Mitochondrial quality control in skeletal muscle involves biogenesis, fusion (exchanging components within healthy mitochondria to form an extended mitochondrial network) and fission (removing components), ultimately impacting skeletal muscle mass [98]. Peroxisome proliferator-activated receptor-gamma coactivator 1α (PGC-1α) is a key regulator of mitochondrial biogenesis and function and plays a role in fission/fusion [99]. PGC-1α transcription networks are also positively associated with appendicular lean mass index and hand grip strength [14]. Consequently, a sufficient intramyocellular PGC-1α content is important for skeletal muscle health and protection against sarcopenia [94][99]. In physically active individuals, ageing alone does not decrease the gene expression or protein content of PGC-1α, mitochondrial fission, or fusion proteins [100][101]. Sarcopenia of human skeletal muscle is associated with the downregulation of PGC-1α messenger ribonucleic acid and transcription signatures for PGC-1α networks in fission and fusion compared with controls [14][102]. Similarly, the downregulation of PGC-1α messenger ribonucleic acid [103] and lower fission and fusion protein contents have been observed in the skeletal muscle of patients with TIID compared with controls [104]. These findings highlight the crucial role of PGC-1α in maintaining skeletal muscle health and function and suggest its potential as a therapeutic target for age-related and metabolic disorders. Therefore, a reduction in PGC-1α and an impairment of mitochondrial fission and fusion processes are potential contributors to both sarcopenia and MDs.
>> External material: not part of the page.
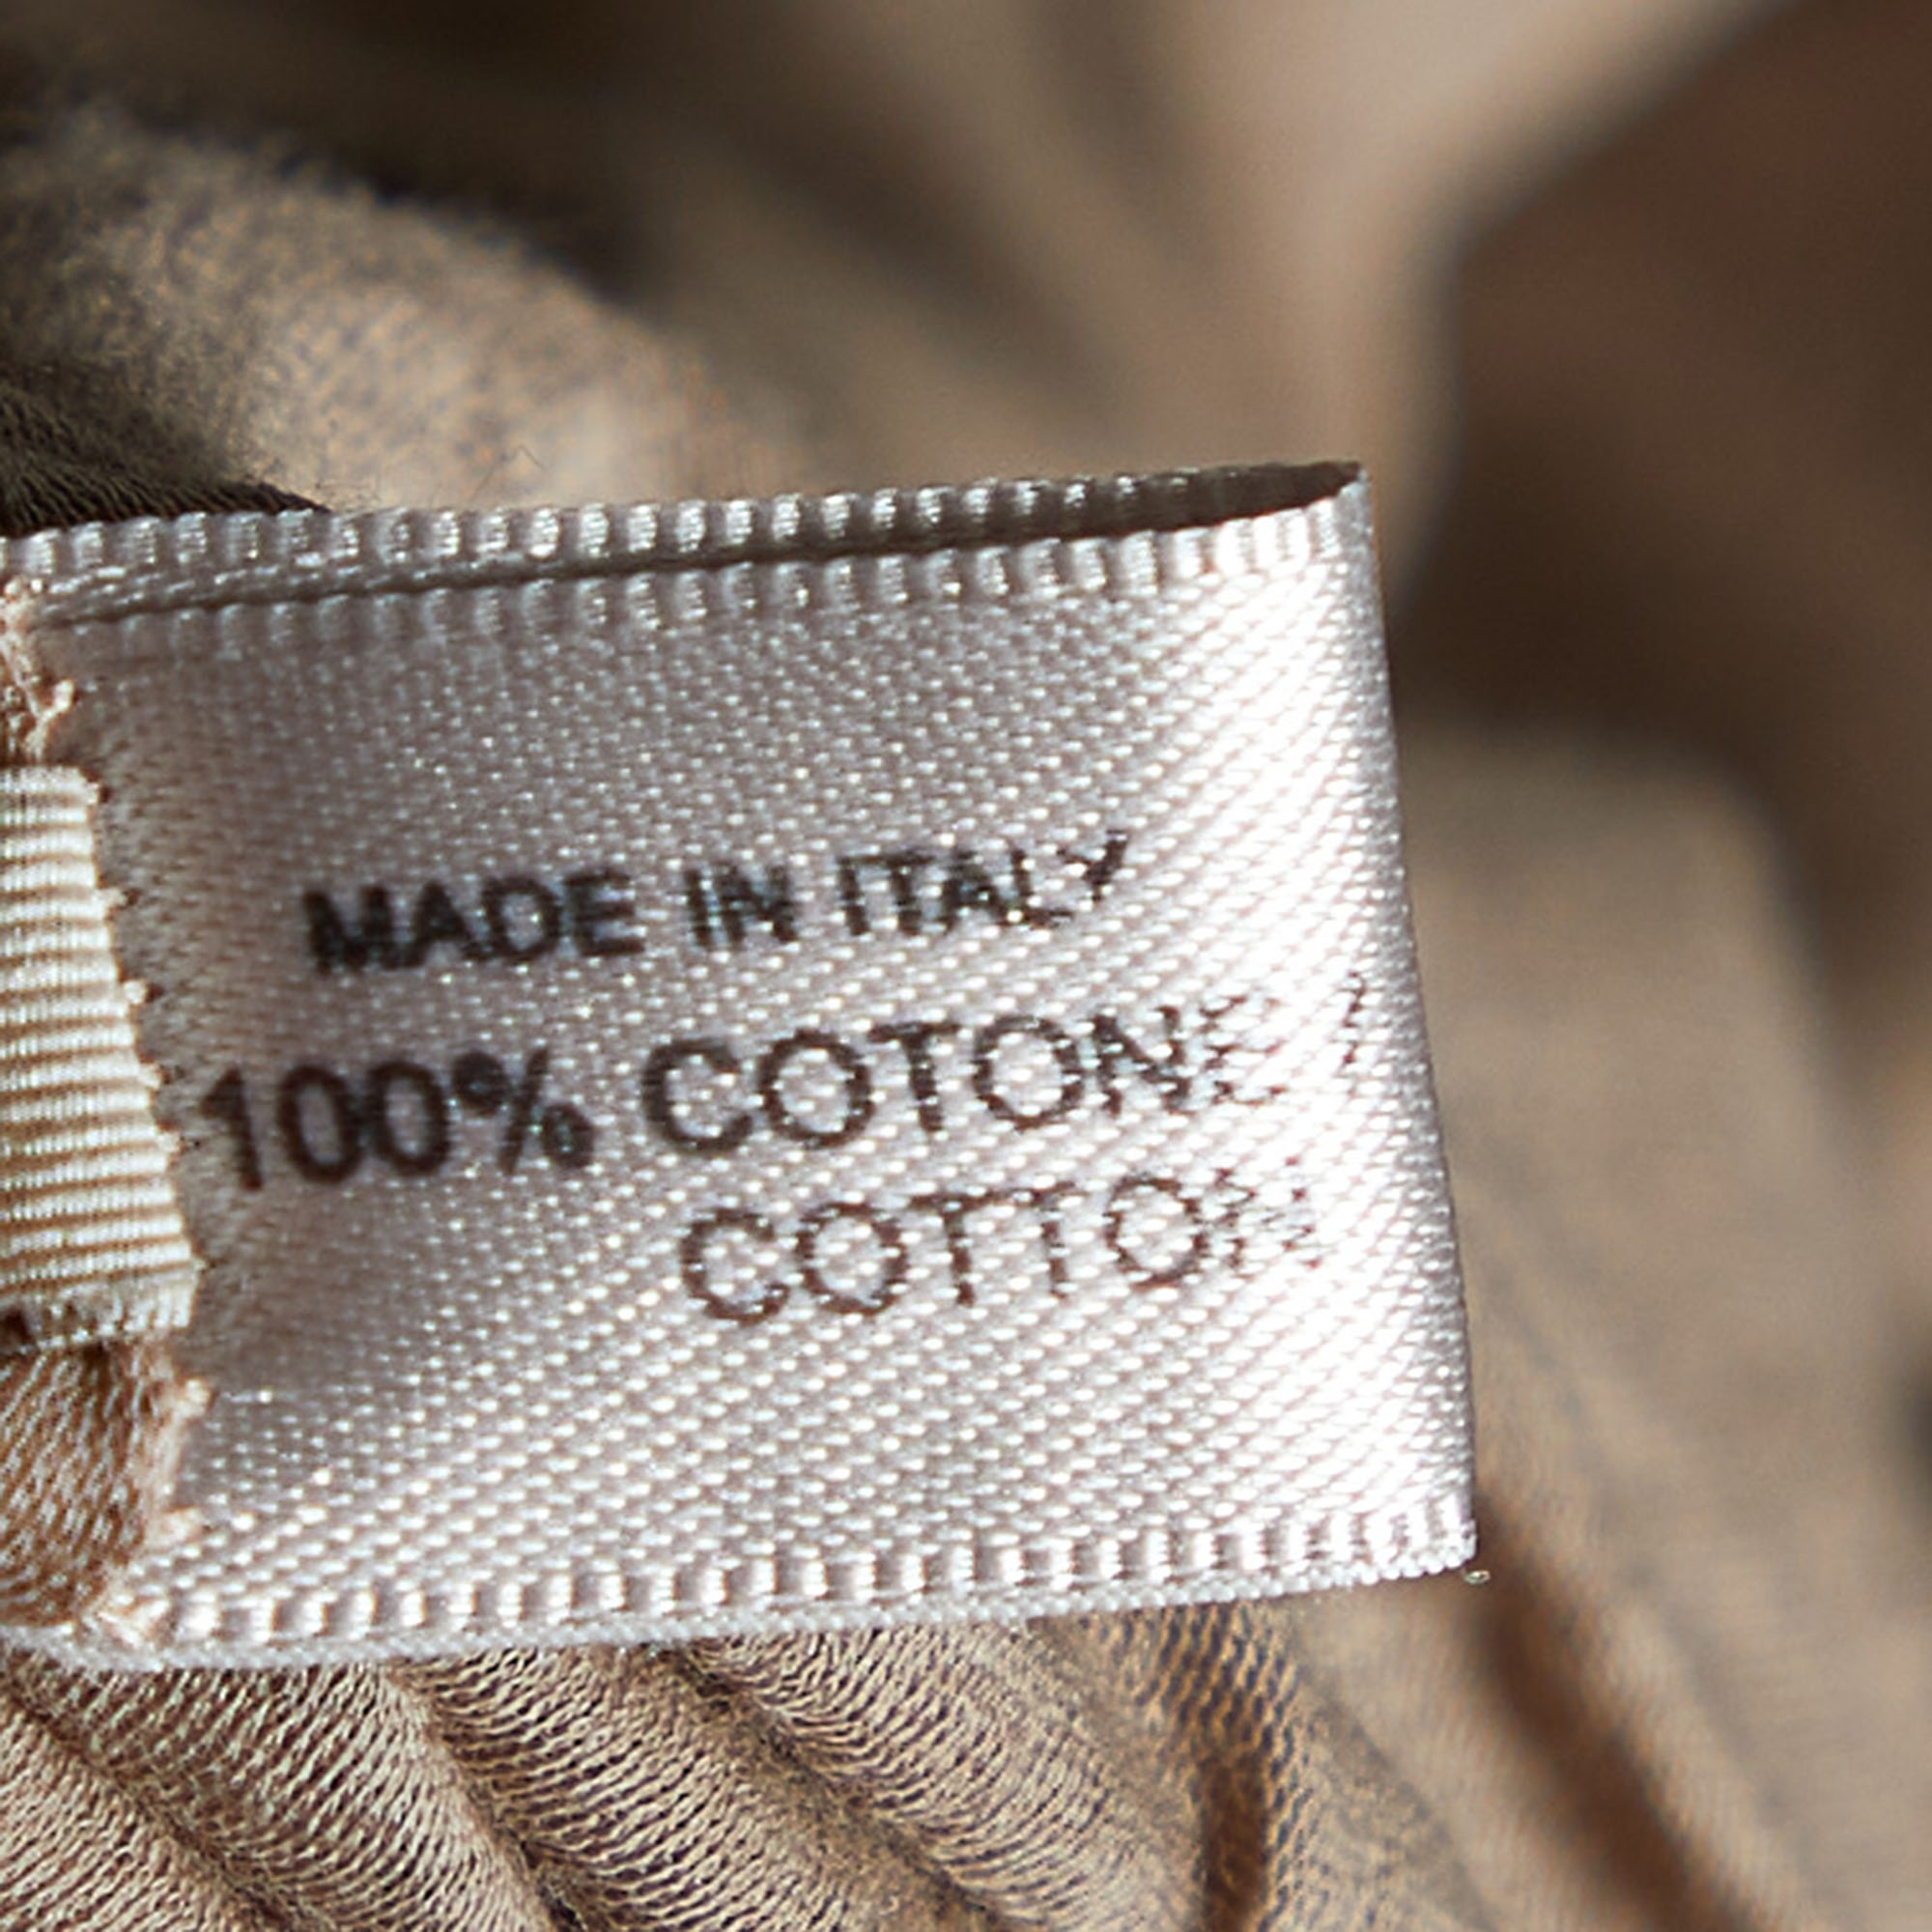 Bottega Veneta Two Tone Cotton Knit T-shirt M
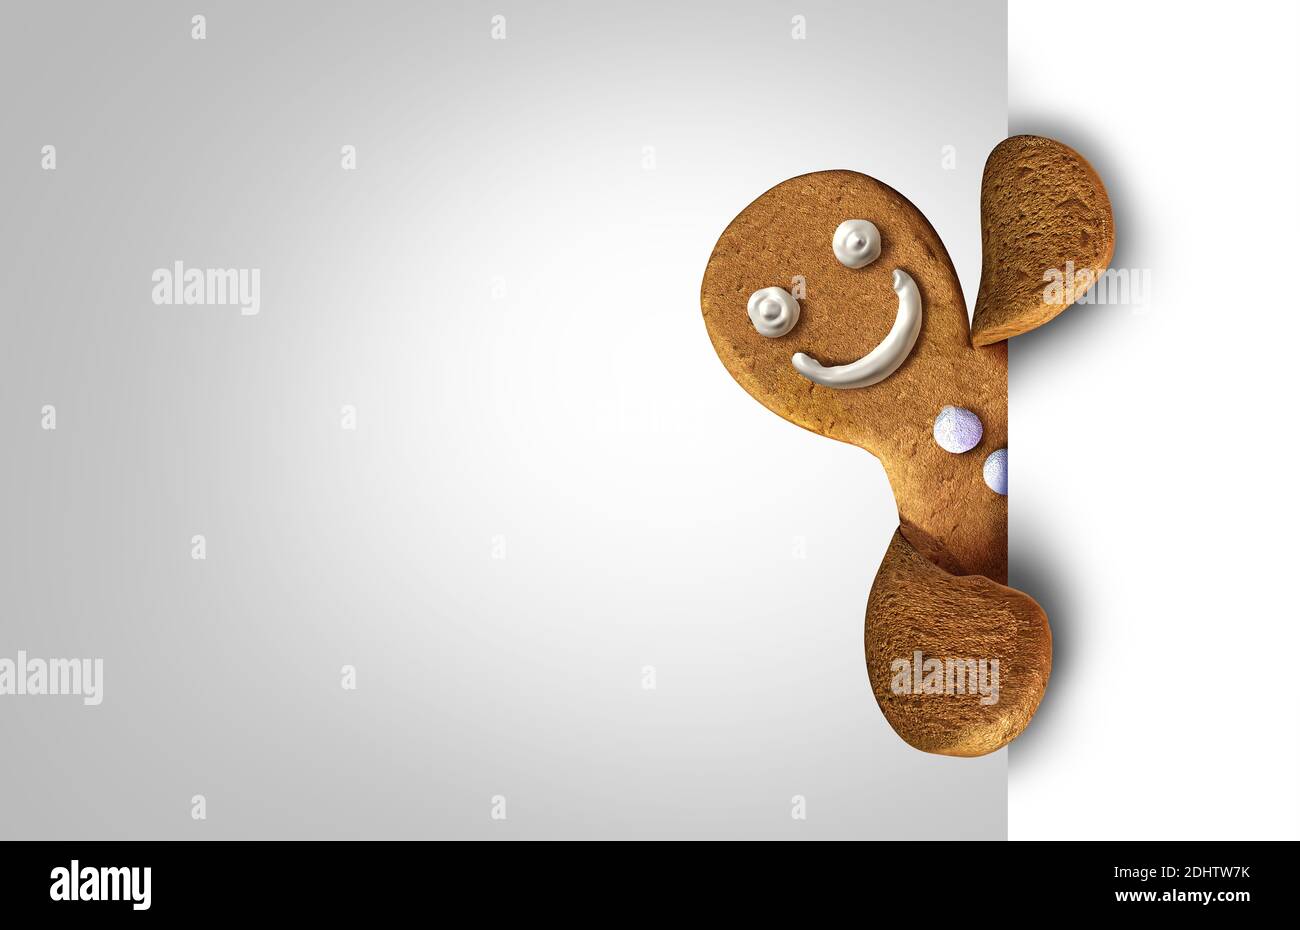 Homme de pain d'épice avec glaçage comme biscuit de vacances tenant un signe ou un personnage de pain de gingembre derrière une carte vierge comme la pâtisserie de fête ou les vacances de fête. Banque D'Images

A common factor in many studies of ageing, mitochondrial dysfunction and MDs in humans is the participant’s habitual physical activity status; for example, masters athletes have a greater mitochondrial content, oxidative and respiratory enzyme gene expression and activity and in vivo respiratory capacity relative to controls [8][101]. Consequently, master athletes have a well-maintained mitochondrial content and function despite their older age. Moreover, physically inactive elderly individuals retain the ability to adapt to exercise training. It is well known that muscle mass and strength can increase in the elderly following resistance-type exercise training [105]. Mitochondrial content and function also increase in older individuals following endurance-type exercise training [8][106]. This can increase the capacity to oxidise fat during exercise [107], contributing to a reduction in visceral fat mass [108] and chronic low-grade inflammation following exercise training [109]. PGC-1α [8] and mitochondrial fission and fusion proteins are also elevated in masters athletes, suggesting improvements in mitochondrial quality control processes following exercise training [101]. Together, the chronic responses of skeletal muscle to exercise training contribute to improved insulin sensitivity in older individuals [110]. Consequently, physical inactivity, rather than ageing, is a major contributor to the age-related decline in muscle quality [8]. Exercise is strongly indicated to improve skeletal muscle quality in older individuals to protect against the development of mitochondrial dysfunction, sarcopenia, CVD and MDs.